Properties of metal matrix composites (MMCs) are affected by various process variables such as particle size of powders, the proportion of reinforcement material, mixing methods, sintering temperature, and duration. The significant drawback of stir casting is reinforcement segregation, which is too difficult to avoid. Hence, the powder metallurgy route is utilized to prepare Al-MMC. In the current work, aluminium-based MMC is fabricated with varying proportions of silicon carbide (SiC) as a reinforcement material. Mixing of powders is done using V-Blender and barrel mixer with three different mixing techniques and the mixing quality of prepared powders is assessed. A significant reduction of mixing time, i.e., more than 50%, is achieved through a novel barrel mixer as compared to a conventional V-blender. Two important properties, hardness and compressive strength of fabricated Al-MMC, are experimentally investigated.

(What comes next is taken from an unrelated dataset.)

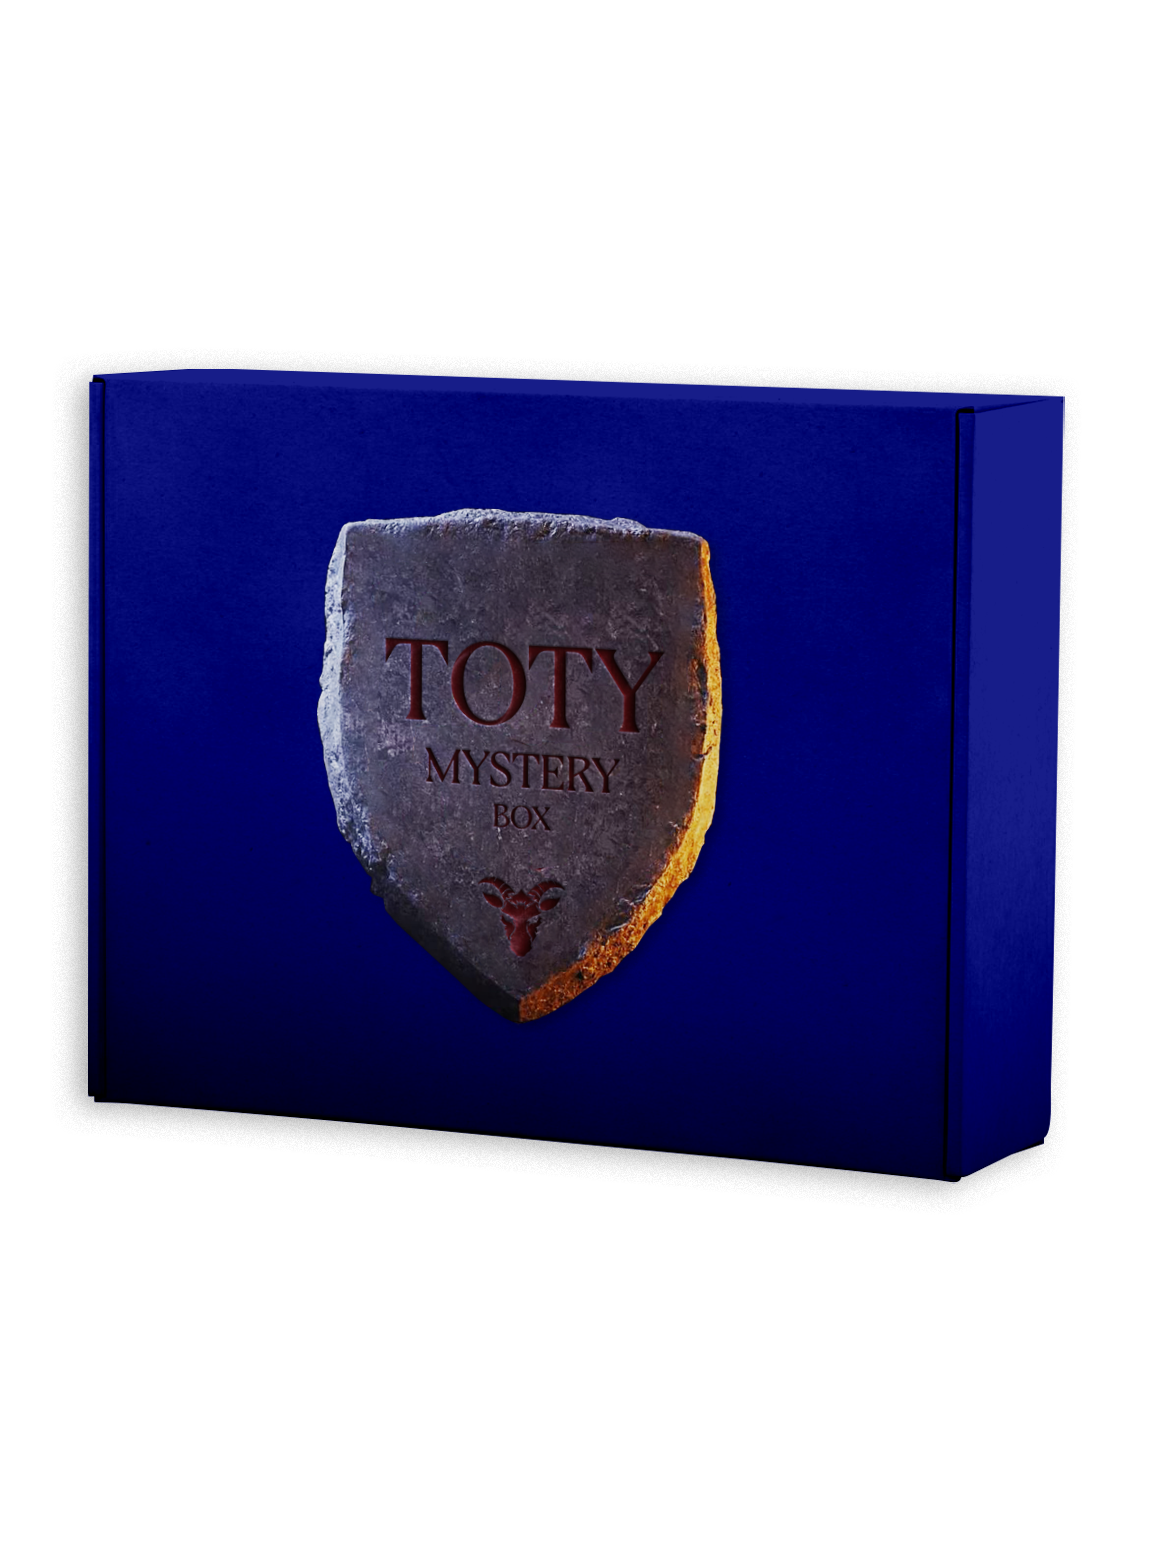 TOTY Mystery Box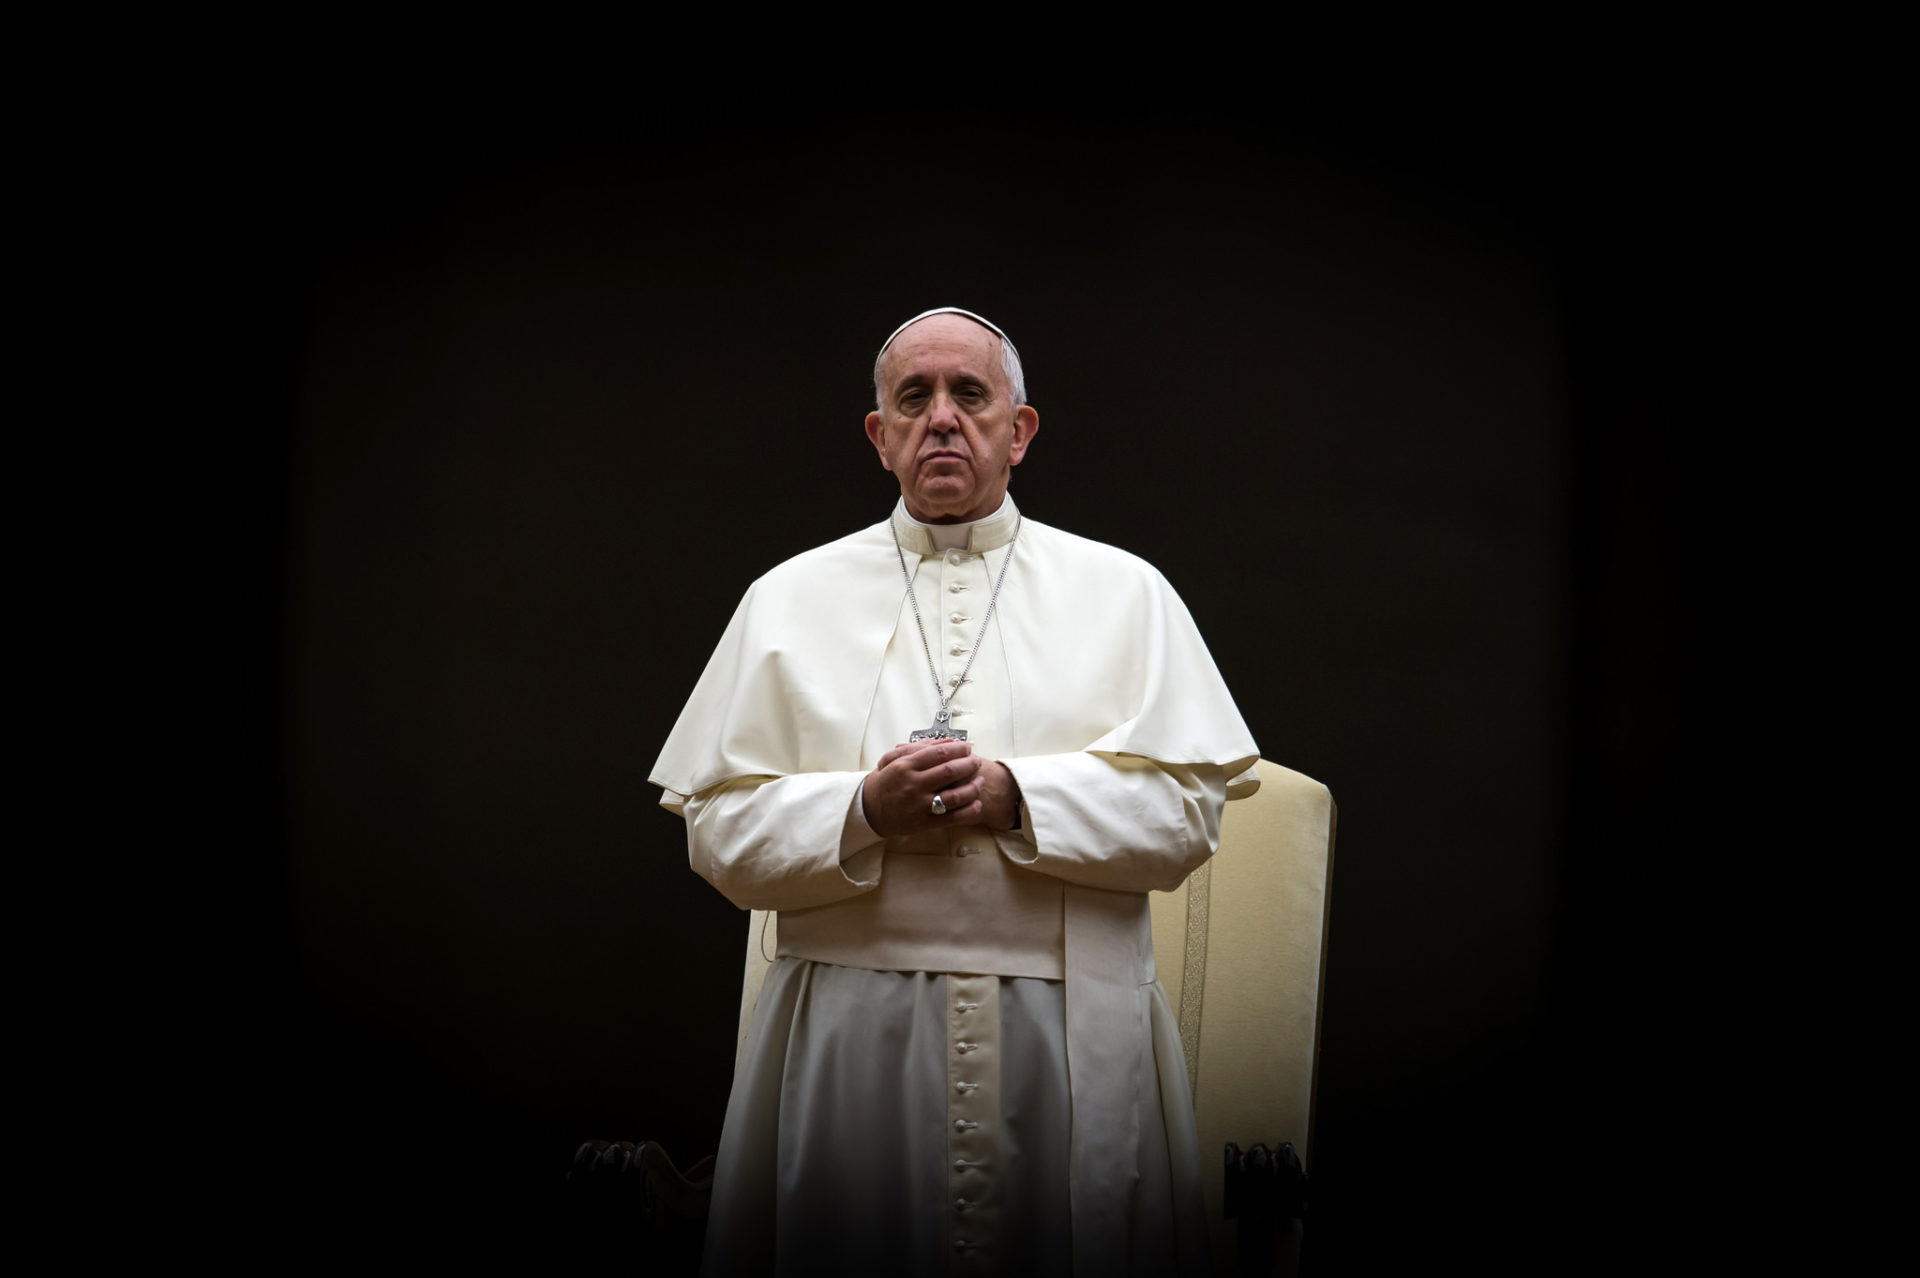 Le pape François a exprimé sa proximité au patriarche et à la communauté copte durement touchée (Photo: Catholic Church England/Flickr/CC BY-NC-SA 2.0)

At the same time effect of the mixing technique is also studied, and it is evident that hardness and compressive strength improved when powders are mixed using a barrel mixer. Thus, a novel approach to powder mixing has been achieved. An increase in SiC proportion by 5% resulted in an increase in hardness by 14%. The average compressive strength of Al-MMC is highest when reinforcement content is 25%. Due to the uniform dispersion of particles achieved through barrel mixer, compressive strength of MMC is 8–20% higher than the strength of those MMC for which powders are mixed through conventional V-blender. A similar effect is observed in the hardness also, where the average hardness of MMC is 10–20% higher, for which powders are mixed through barrel mixer. Hence, the newly designed barrel mixer provides an effective solution for the quality mixing of powders through the powder metallurgy process for fabricating Al-MMC.
- aluminium-based metal matrix composite
- compressive strength
- particle size
- powder metallurgy